The civil commitment approach is confrontational and there are proponents for a nonconfrontational approach because it’s difficult to get a court order for involuntary psychiatric hospitalization and often, once a patient with Factitious Disorder is admitted to a locked psychiatric ward, the self-induced illness behavior often simply stops. And there are supporters for the development of a “therapeutic discharge” plan in which hospital administration and clinical staff collaborate to conduct a safe discharge:
- Consider involving hospital administration and all health care personnel in a therapeutic discharge plan if it can be done safely
- Taylor, J. B., S. R. Beach and N. Kontos (2017). “The therapeutic discharge: An approach to dealing with deceptive patients.” Gen Hosp Psychiatry 46: 74-78.

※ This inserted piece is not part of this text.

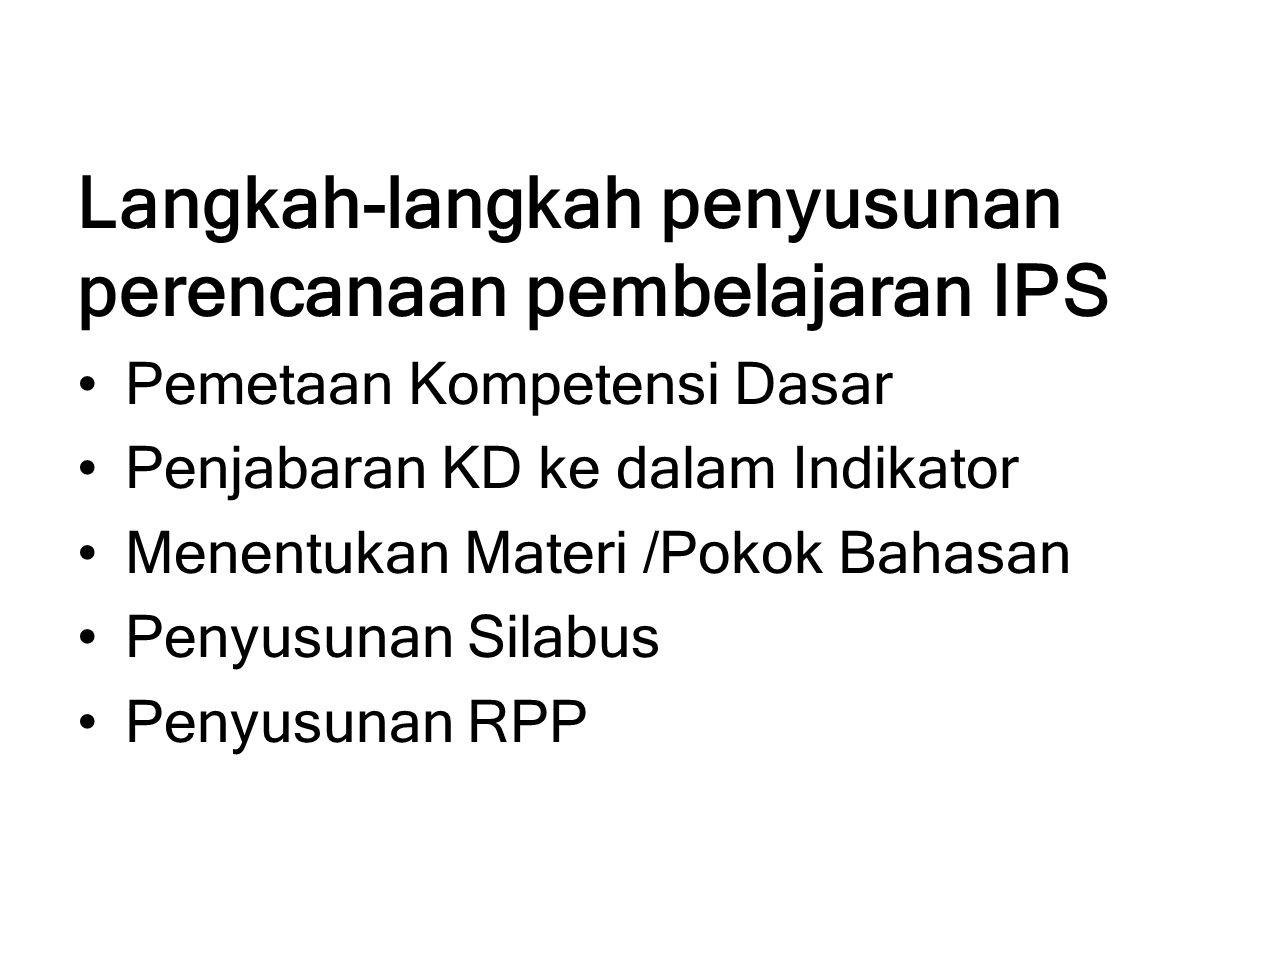 Langkah-langkah penyusunan perencanaan pembelajaran IPS

- Kontos, N., J. B. Taylor and S. R. Beach (2018). “The therapeutic discharge II: An approach to documentation in the setting of feigned suicidal ideation.” Gen Hosp Psychiatry 51: 30-35.
- Beach, S. R., et al. (2017). “Teaching Psychiatric Trainees to “Think Dirty”: Uncovering Hidden Motivations and Deception.” Psychosomatics 58(5): 474-482.
References
Amos, J. (2010). Managing factitious disorder and malingering. In E. b. Robinson, Psychosomatic Medicine: An Introduction to Consultation-Liaison Psychiatry (pp. 82-88). New York: Cambridge University Press.
Elmore, J. L. (2005). Munchausen Syndrome: An Endless Search for Self, Managed by House Arrest and Mandated Treatment. Annals of Emergency Medicine, 561-563.
Johnson, B. R. (2000). Suspected Munchausen’s Syndrome and Civil Commitment. J Am Acad Psychiatry Law, 74-76.
Schwarz, K. M., et al (1993). Hospital Management of a Patient With Intractable Factitious Disorder. Psychosomatics, 265.